Stunning new NASA images reveal the Sun's wild side.

The images were taken by NASA's newest solar observatory, the Interface Region Imaging Spectrograph; they showed the region between the Sun's fiery surface and its atmosphere is a much more "violent" place than researchers previously believed, a NASA news release reported.

"The quality of images and spectra we are receiving from IRIS is amazing," Alan Title, IRIS principal investigator at Lockheed Martin in Palo Alto, Calif, said. "And we're getting this kind of quality from a smaller, less expensive mission, which took only 44 months to build."

IRIS allowed the researchers to analyze the Sun's interface region, and determine how its "explosive" qualities worked to heat the outer solar atmosphere.
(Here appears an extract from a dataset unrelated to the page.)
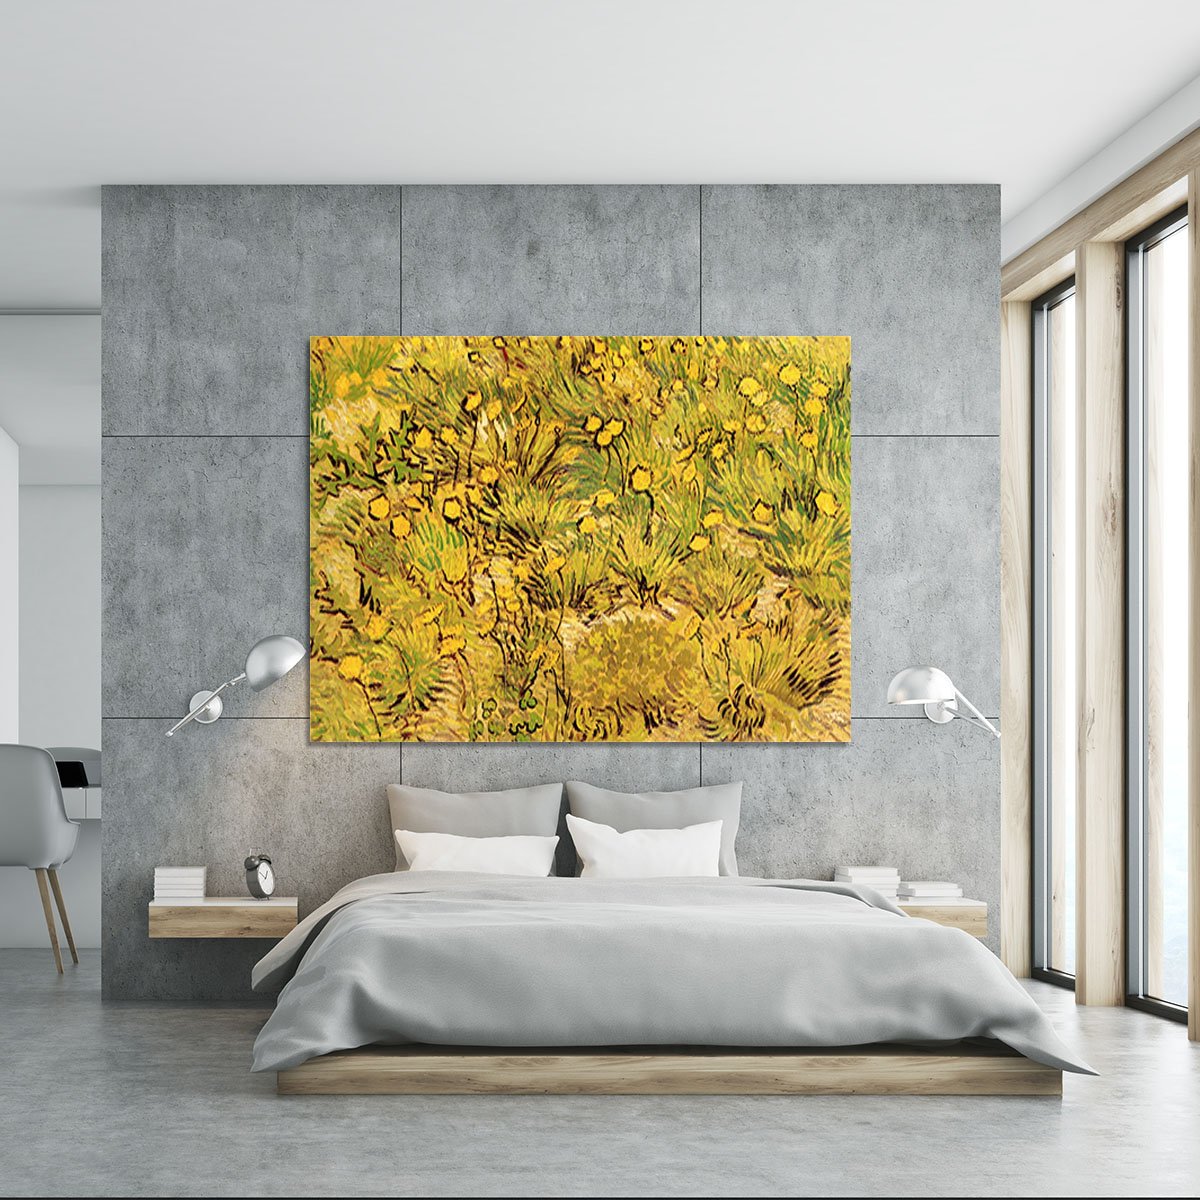 A Field of Yellow Flowers by Van Gogh Canvas Print or Poster

It also helped the team gain insight into the role the Sun's lower atmosphere plays in accelerating solar wind and eruptive events.

IRIS was able to catch revealing images and spectra (how much of each light wavelength is present) that have never been seen before.
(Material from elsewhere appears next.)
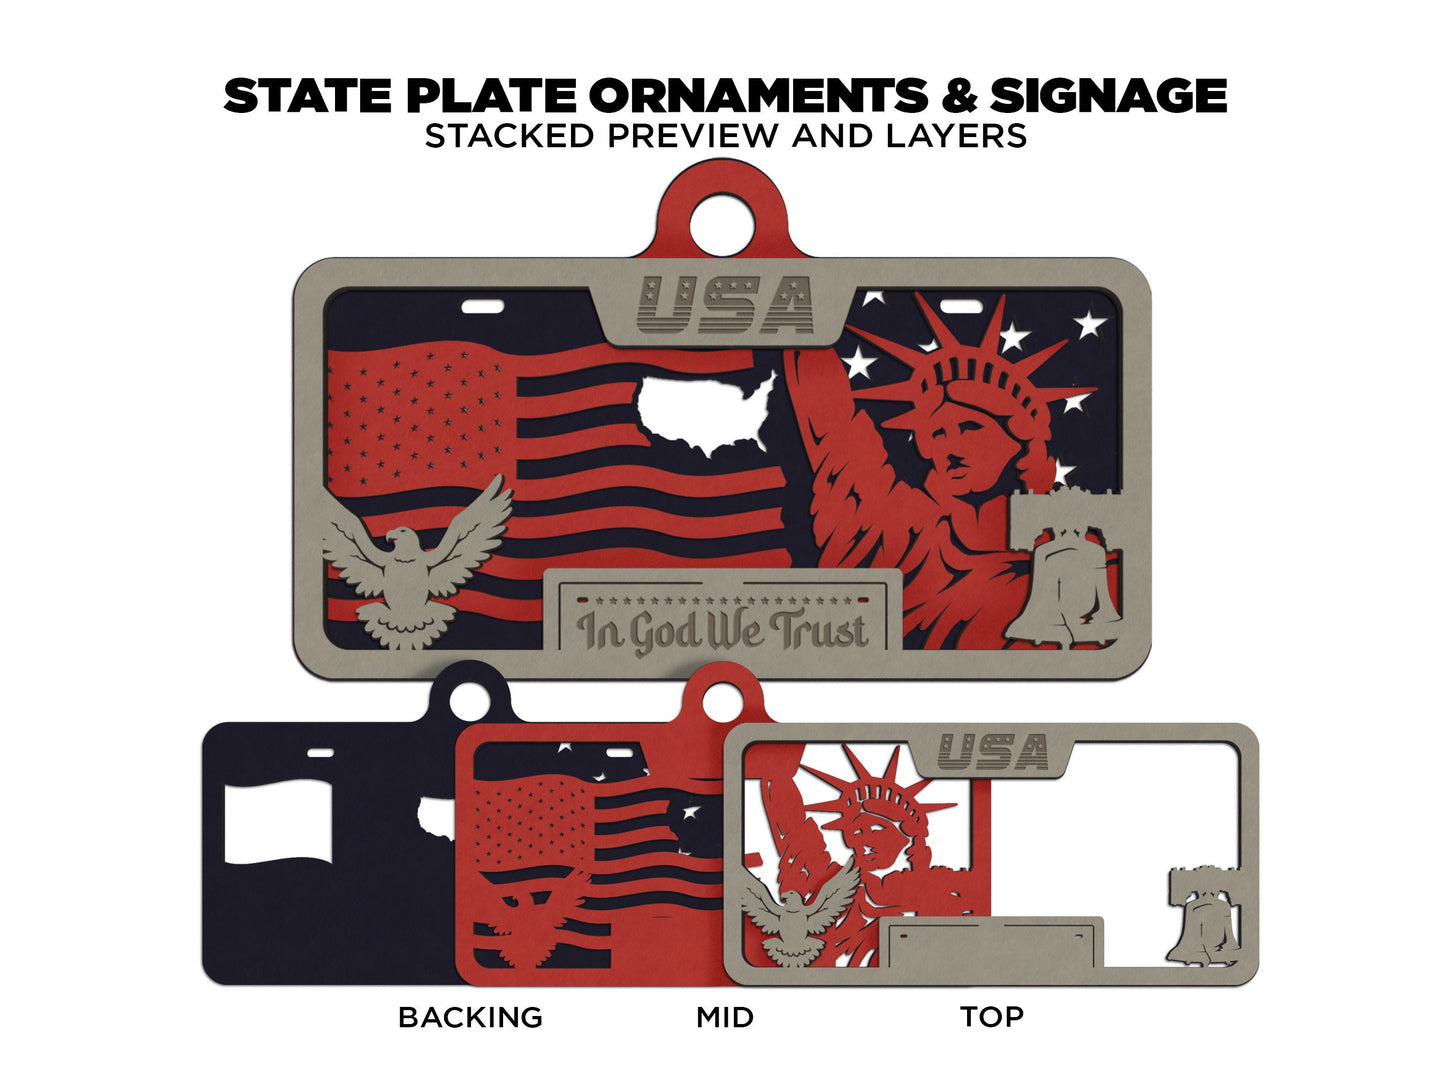 New Jersey State Plate Ornament and Signage - SVG File Download - Sized for Glowforge - Laser Ready Digital Files

"We are seeing rich and unprecedented images of violent events in which gases are accelerated to very high velocities while being rapidly heated to hundreds of thousands of degrees," Bart De Pontieu, the IRIS science lead at Lockheed Martin. "These types of observations present significant challenges to current theoretical models."

The researchers were particularly interested in two types of events. The first is called "prominence," which are "cool regions within the interface region that appear as giant loops of solar material rising up above the solar surface," the news release reported.

The second, called a "spicule," is a monstrous fountain of gas as long as Earth that shoots out of solar system at 150,000 miles per hour. These events work to distribute energy and heat in the Sun's atmosphere. The evolution of the spicule's was shown (through the IRIS data) to be much more complicated than researchers had anticipated.

"We see discrepancies between these observations and the models and that is great news for advancing knowledge," Mats Carlsson, an astrophysicist at the University of Oslo in Norway, said. "By seeing something we don't understand we have a chance of learning something new."